Andrew Watson – Blog – Rural & Islands Landlord Group meeting – 6 December 2024

Published

20 January 2025

Updated

20 January 2025

Andrew Watson – Blog – Rural & Islands Landlord Group meeting – 6 December 2024

We held the fifth meeting of the Rural & Islands landlord group on 6 December 2024. This is one of the three standing groups of senior people from Registered Social Landlords we meet with regularly to discuss important and topical issues in social housing in Scotland. We meet with the groups to help us understand the challenges faced by those we regulate.

The group began its discussion around the housing emergency and homelessness. The group members highlighted noticeable differences in the geographical impact of homelessness and noticeable differences in the response by different local authorities. All of the members had significantly increased the proportion of lets they were making to people who were homeless, despite lower turnover in homes, and some had a sense that there was little more they can do to help without building significantly more homes. Members also highlighted the difficulties in getting utility companies to act quickly on renewing / resetting meters when homes are to be relet.

Members welcomed the uplift in the capital funding for the Affordable Housing Supply Programme announced in the Scottish Budget. Most of the members of the group felt that they had capacity to respond to this, although some expressed concern that the general economic conditions may dampen risk appetites to build and that shortages of planning officials is slowing approvals. A decline in small building company private developments is adversely affecting the number of homes social landlords are getting through section 75 agreements. Upcoming, and unplanned for, costs may also limit landlords’ financial capacity to build homes; these costs include higher interest rates, increased insurance premiums, the rise in employer National Insurance Contributions and increased pension deficit contributions. Members felt that there may need to be more sophistication and nuance in how capital grant funding is allocated to ensure it is directed to the areas of greatest need. Members asked that SHR is conscious of this context when it considers its regulatory response to increased development risk. Members also highlighted the limitations on funding for adaptations, and that this was having an adverse impact on other public services, including bed-blocking in the NHS.

The group then discussed the challenges around the continuing uncertainty on the proposed Social Housing Net Zero Standard and how that is impacting on landlords’ ability to assess and plan for the likely cost of achieving the Standard, and hence how much they can plan to allocate to other priorities, including building new homes. Members also expressed frustrations with what they see as disproportionately burdensome bureaucracy around the net zero grant funding.

Members of the group then discussed the pressure on landlords to increase rents to meet increasing costs, while at the same time trying to maintain affordability for their tenants. Members highlighted that there is little in the way of further efficiencies to be had to meet new costs, and that landlords may have to start planning to do less or increase rents.
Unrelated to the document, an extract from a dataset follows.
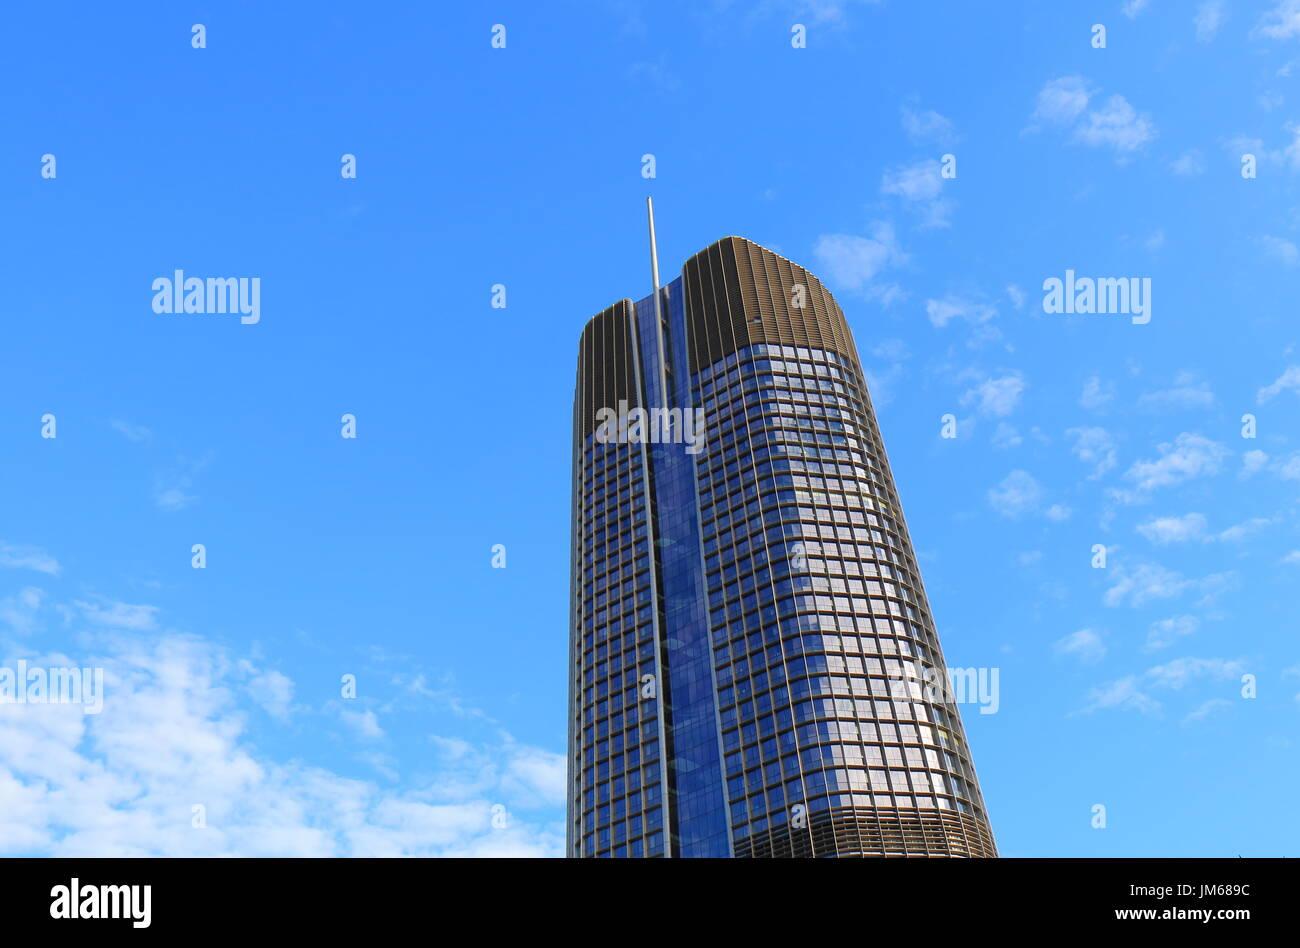 1 William Skyscraper office building Brisbane Australia. 1 William is the tallest building in Brisbane. - Stock Image

Most of the members of the group ware looking at rent increases for next year of around 1% to 2% above inflation.

Finally, the group touched on the proposed turn off in June 2025 of the Radio Teleswitching Signal (RTS), which switches electricity meters between different tariff rates at different times of the day. A significant number of homes still rely on this, and it remains very unlikely that all homes will have been moved to smart meters before the RTS switch off in June. Members voiced concern about the potential impact of the signal switch off on many tenants whose homes did not have smart meters.